Oil Sands Watch | Pembina Institute


Will Alberta learn from BP's mistakes?

Yesterday, U.S. President Barack Obama said, "the long battle to stop the leak and contain the oil is finally close to coming to an end." As this catastrophe transitions from crisis to clean up and compensation, many are already starting to ask questions about whether BP and the U.S. government acted responsibly in the face of the spill. Few will ask whether BP's public relations job was effective. In fact, many have criticized BP for dedicating significant resources (upwards of $50 million) to its public relations efforts in lieu of taking more aggressive action.

Meanwhile, the oil sands public relations battle continues across Canada and in Washington D.C. Yesterday, another public relations chapter opened with the Government of Alberta launching a $268,000 ad campaign, commencing a "full court press" hitting national print publications, the Internet and possibly radio. Already, the province has spent tens of thousands of dollars on advertisements in the New Yorker, Fortune Magazine and the Washington Post, with more to come.

It's well known that public relation campaigns are not designed to resolve issues. They merely present information from a particular perspective. For example, the Stelmach government's advertisement in the Washington Post boasted that the emissions intensity of oil sands has decreased by 39 per cent per barrel of production over the past two decades. While this statement is accurate, it fails to compensate for the fact that greenhouse gas emissions from oil sands have increased a staggering 121 per cent between 1990 and 2009.


A recent analysis conducted by the Pembina Institute provides comprehensive information on greenhouse gas issues associated with oil sands development, highlighting several key concerns. While it's true that there has been a decrease in emissions intensity, the more troubling trend is that planned growth will result in a near tripling of greenhouse gas emission emissions from 2008 to 2020. Furthermore, as a growing proportion of oil sands production comes from in situ drilling operations, which are more greenhouse gas intensive, the greenhouse gas intensity of an average barrel of oil sands will increase in the coming years. Public relations efforts cannot change these facts.

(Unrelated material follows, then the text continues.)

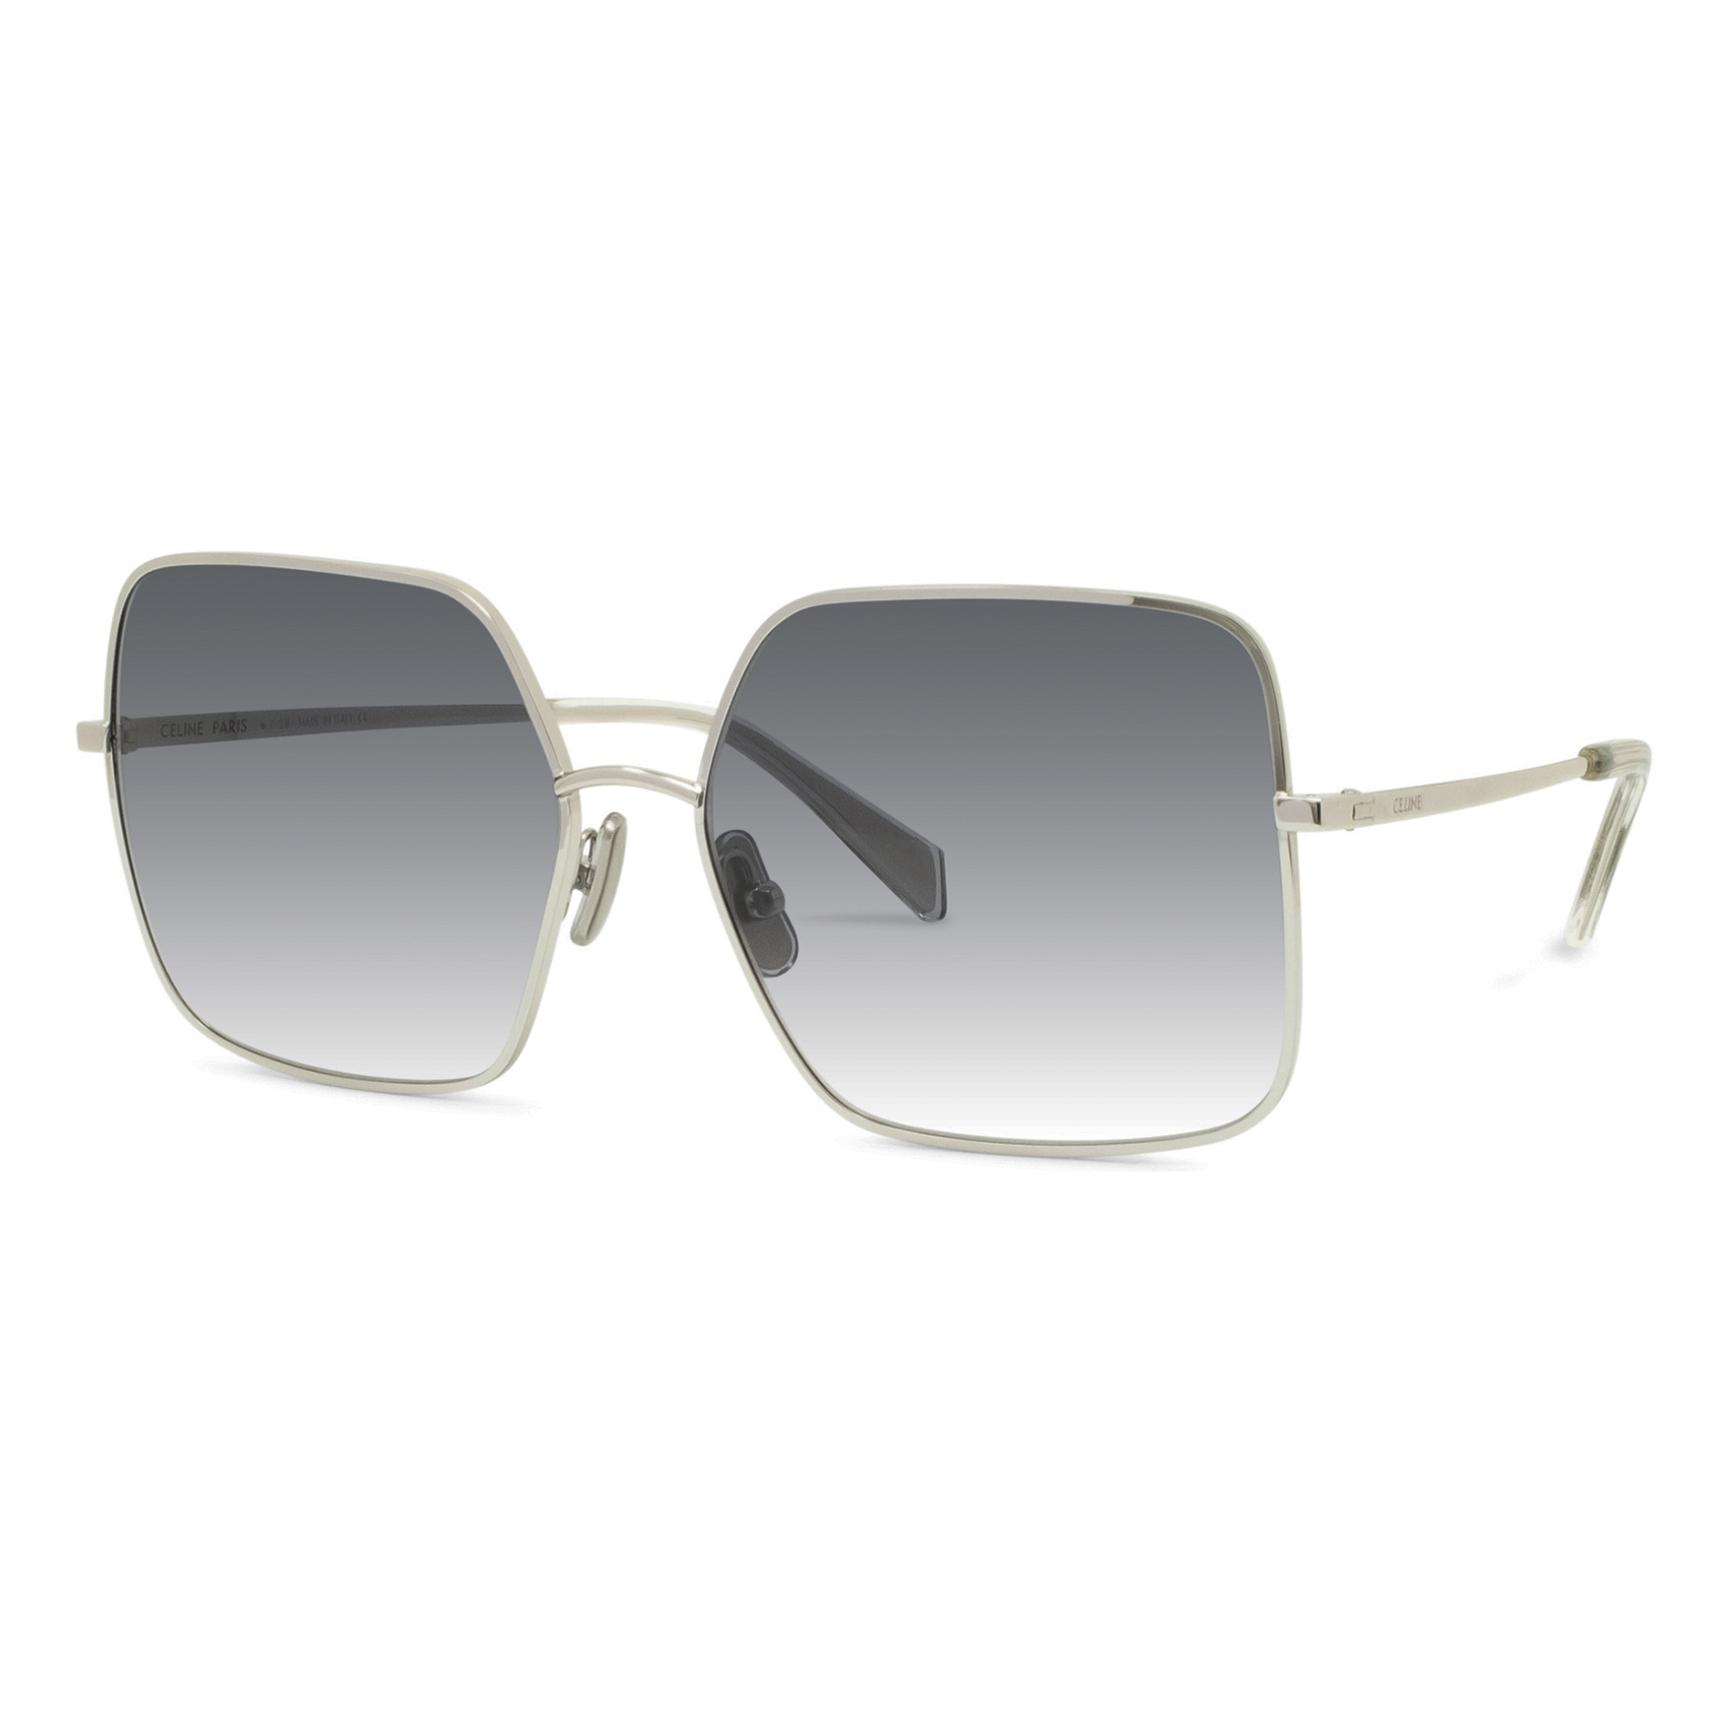 CELINE CL40078U 16W  £290  COLOUR Silver/Gradient Grey  CATEGORY Sunglasses  MATERIAL Metal  SHAPE Square

In the midst of this war of words, some unlikely messengers suggest continued public relations campaign may not achieve the desired goal. Ken Chapman, a principal of Cambridge Strategies who recently conducted a poll of Albertans, noted that it would be better to "perform first and message later." Even the premier's council for economic strategy suggested: "It may take a dramatic gesture to convince a skeptical public to applaud Alberta as a responsible natural resource steward." U.S. Ambassador David Jacobson proposed that "they need to do more to demonstrate how they're meeting the challenges of providing energy security while meeting their obligations of environmental stewardship."

Rather than a public relations campaign, the Canadian public will likely measure the Stelmach government and the oil sands industry by the actions they take to address oil sands impacts. Edmonton Journal columnist Graham Thomson put it well advising that "the best way for the Alberta government and energy companies to win the public relations battle over environmental concerns is through actions, not more public relations battles."

As my colleague Simon Dyer recently said, "Alberta could regain some credibility by pausing new projects approvals until some of the key missing elements to responsible management are in place."

In the case of oil sands, public relations will go only so far to countering a growing image problem. It will likely take a dramatic gesture as suggested by the premier's council for the public in both Canada and the U.S. to take notice.

HarmonyFdn.ca — Aug 11, 2010 - 03:33 PM MT

Great post!

You are absolutely right that Alberta is ultimately at the losing end of this battle from a PR point of view. They are losing because ReThink Alberta, while sensationalist in their tactics, is attacking with the facts on their side. Alberta can spend and spin all it wants but ultimately it will need substance to sway public opinion. That substance can only come with real and significant change.